What \p{Digit} means (and hence \d except under the /a modifier) is \p{General_Category=Decimal_Number}, or synonymously, \p{General_Category=Digit}. Starting with Unicode version 4.1, this is the same set of characters matched by \p{Numeric_Type=Decimal}. But Unicode also has a different property with a similar name, \p{Numeric_Type=Digit}, which matches a completely different set of characters. These characters are things such as CIRCLED DIGIT ONE or subscripts, or are from writing systems that lack all ten digits.

The design intent is for \d to exactly match the set of characters that can safely be used with “normal” big-endian positional decimal syntax, where, for example 123 means one ‘hundred’, plus two ‘tens’, plus three ‘ones’. This positional notation does not necessarily apply to characters that match the other type of “digit”, \p{Numeric_Type=Digit}, and so \d doesn’t match them.

Any character not matched by \d is matched by \D.

Word characters

\w and \W

https://perldoc.perl.org/perlrecharclass#Word-characters

A \w matches a single alphanumeric character (an alphabetic character, or a decimal digit); or a connecting punctuation character, such as an underscore (_); or a “mark” character (like some sort of accent) that attaches to one of those. It does not match a whole word. To match a whole word, use \w+. This isn’t the same thing as matching an English word, but in the ASCII range it is the same as a string of Perl-identifier characters.

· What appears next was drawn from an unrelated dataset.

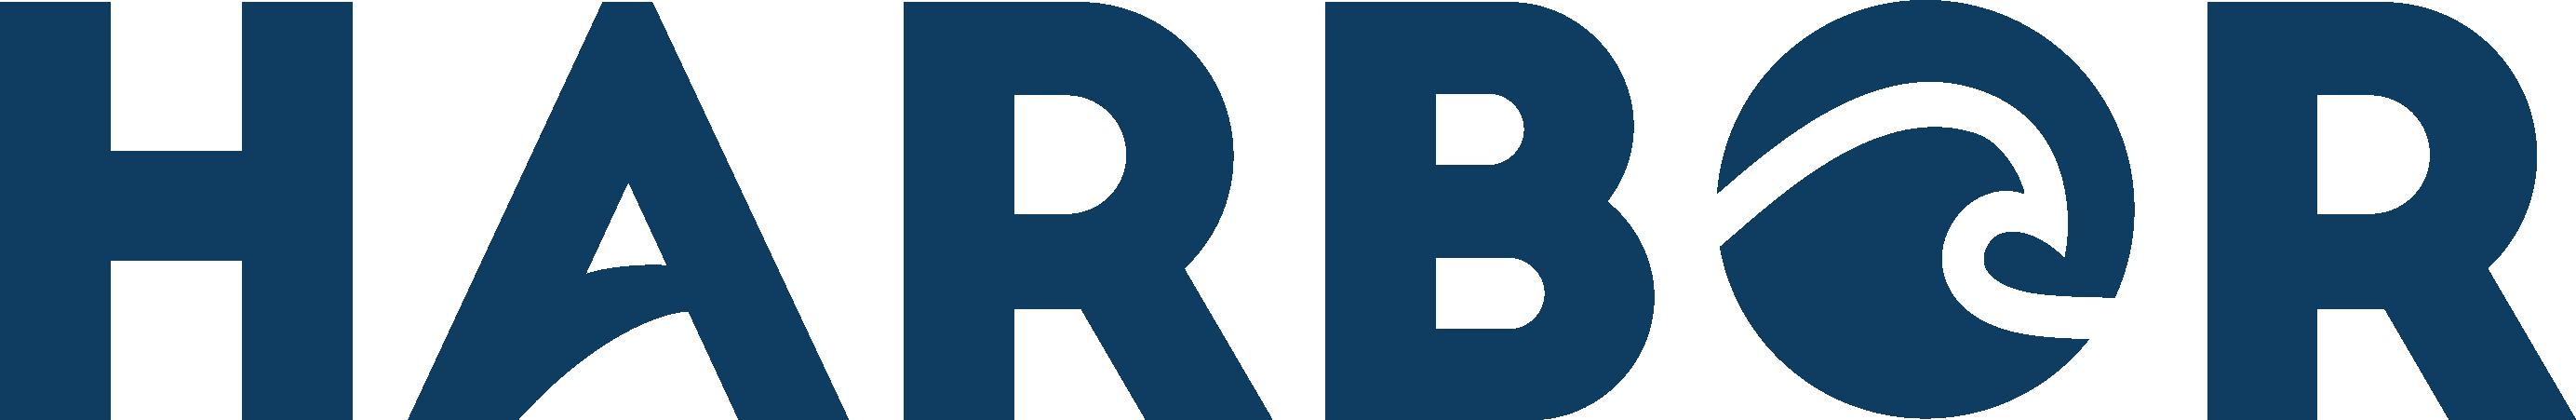 harbor-logo_rd5

There are a number of security issues with the full Unicode list of word characters. See http://unicode.org/reports/tr36.

Any character not matched by \w is matched by \W.

Whitespace

\s and \S

https://perldoc.perl.org/perlrecharclass#Whitespace

\s matches any single character considered whitespace.

\N

\N, available starting in v5.12, like the dot, matches any character that is not a newline. \N is not influenced by the single line regular expression modifier.

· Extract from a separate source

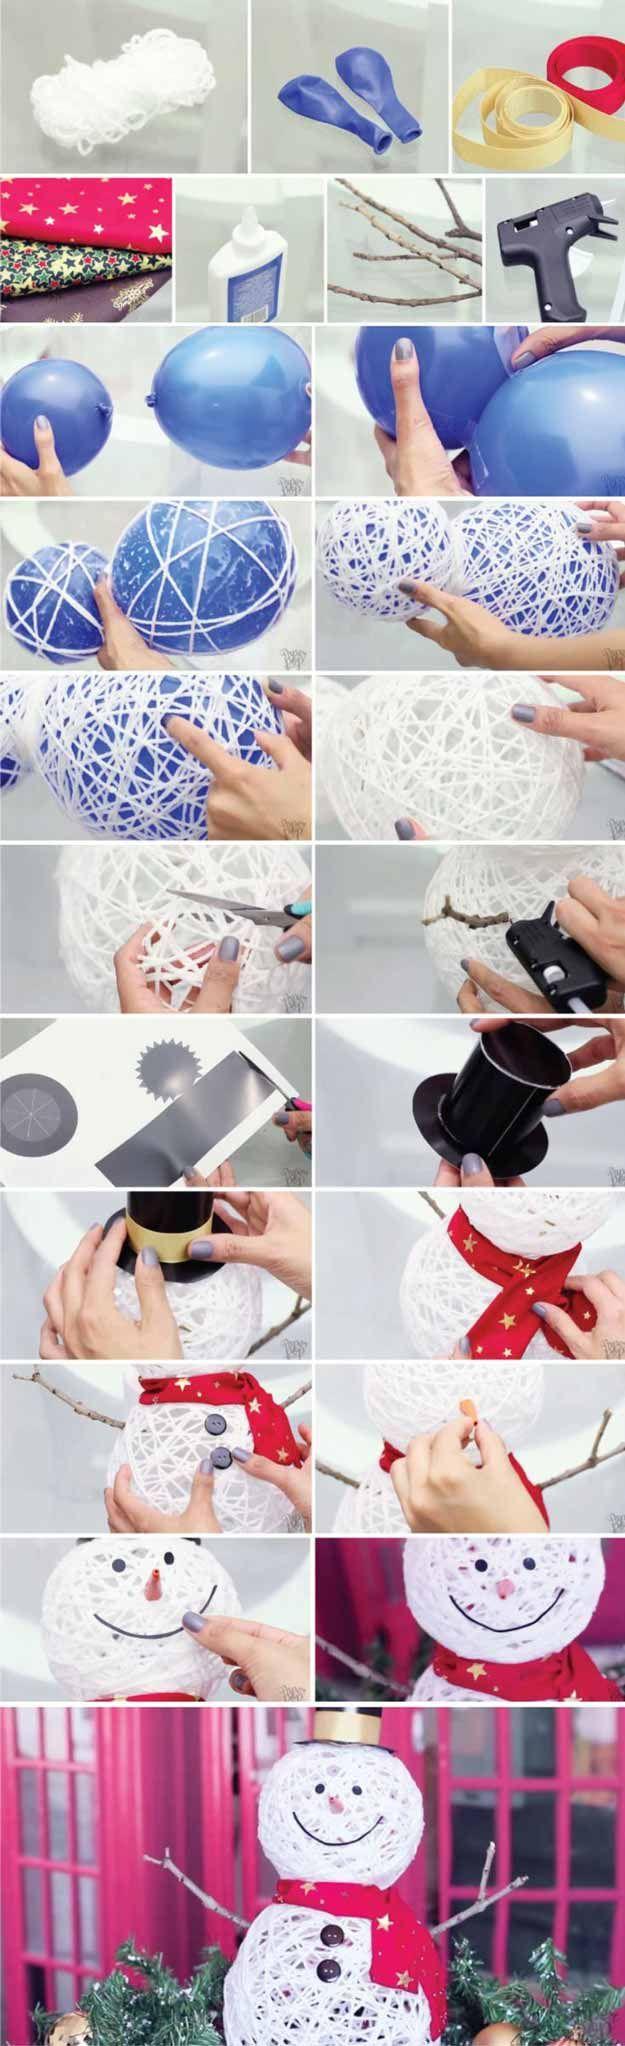 Balloon Crafts

The form \N{...} may mean something completely different.

charnames

https://perldoc.perl.org/charnames

Note that \N{U+...}, where the ... is a hexadecimal number, also inserts a character into a string. The character it inserts is the one whose Unicode code point (ordinal value) is equal to the number. For example, "\N{U+263a}" is the Unicode (white background, black foreground) smiley face equivalent to "\N{WHITE SMILING FACE}".

NOTE: \N{...} can mean a regex quantifier instead of a character name, when the ... is a number (or comma separated pair of numbers)

Unicode Properties

https://perldoc.perl.org/perlrecharclass#Unicode-Properties

\pP and \p{Prop} are character classes to match characters that fit given Unicode properties.

Example: a match for a number can be written as /\pN/ or as /\p{Number}/, or as /\p{Number=True}/.

Example: lowercase letters are matched by the property Lowercase_Letter which has the short form Ll. They need the braces, so are written as /\p{Ll}/ or /\p{Lowercase_Letter}/, or /\p{General_Category=Lowercase_Letter}/ (the underscores are optional).

IMPORTANT: /\pLl/ is valid, but means something different. It matches a two character string: a letter (Unicode property \pL), followed by a lowercase l.

What a Unicode property matches is never subject to locale rules, and if locale rules are not otherwise in effect, the use of a Unicode property will force the regular expression into using Unicode rules, if it isn’t already.

Unicode properties are defined only on Unicode code points. Starting in v5.20, when matching against \p and \P, Perl treats non-Unicode code points (those above the legal Unicode maximum of 0x10FFFF) as if they were typical unassigned Unicode code points.

Bracketed Character Classes

Backslash Sequences

https://perldoc.perl.org/perlrecharclass#Backslash-Sequences

You can put any backslash sequence character class (with the exception of \N and \R) inside a bracketed character class, and it will act just as if you had put all characters matched by the backslash sequence inside the character class. For instance, [a-f\d] matches any decimal digit, or any of the lowercase letters between ‘a’ and ‘f’ inclusive.

\N within a bracketed character class must be of the forms \N{name} or \N{U+hex char}, and NOT be the form that matches non-newlines, for the same reason that a dot . inside a bracketed character class loses its special meaning: it matches nearly anything, which generally isn’t what you want to happen.

Examples:

/[\p{Thai}\d]/     # Matches a character that is either a Thai
                   # character, or a digit.
/[^\p{Arabic}()]/  # Matches a character that is neither an Arabic
                   # character, nor a parenthesis.
POSIX Character Classes

https://perldoc.perl.org/perlrecharclass#POSIX-Character-Classes

POSIX character classes have the form [:class:], where class is the name, and the [: and :] delimiters. POSIX character classes only appear *inside* bracketed character classes, and are a convenient and descriptive way of listing a group of characters.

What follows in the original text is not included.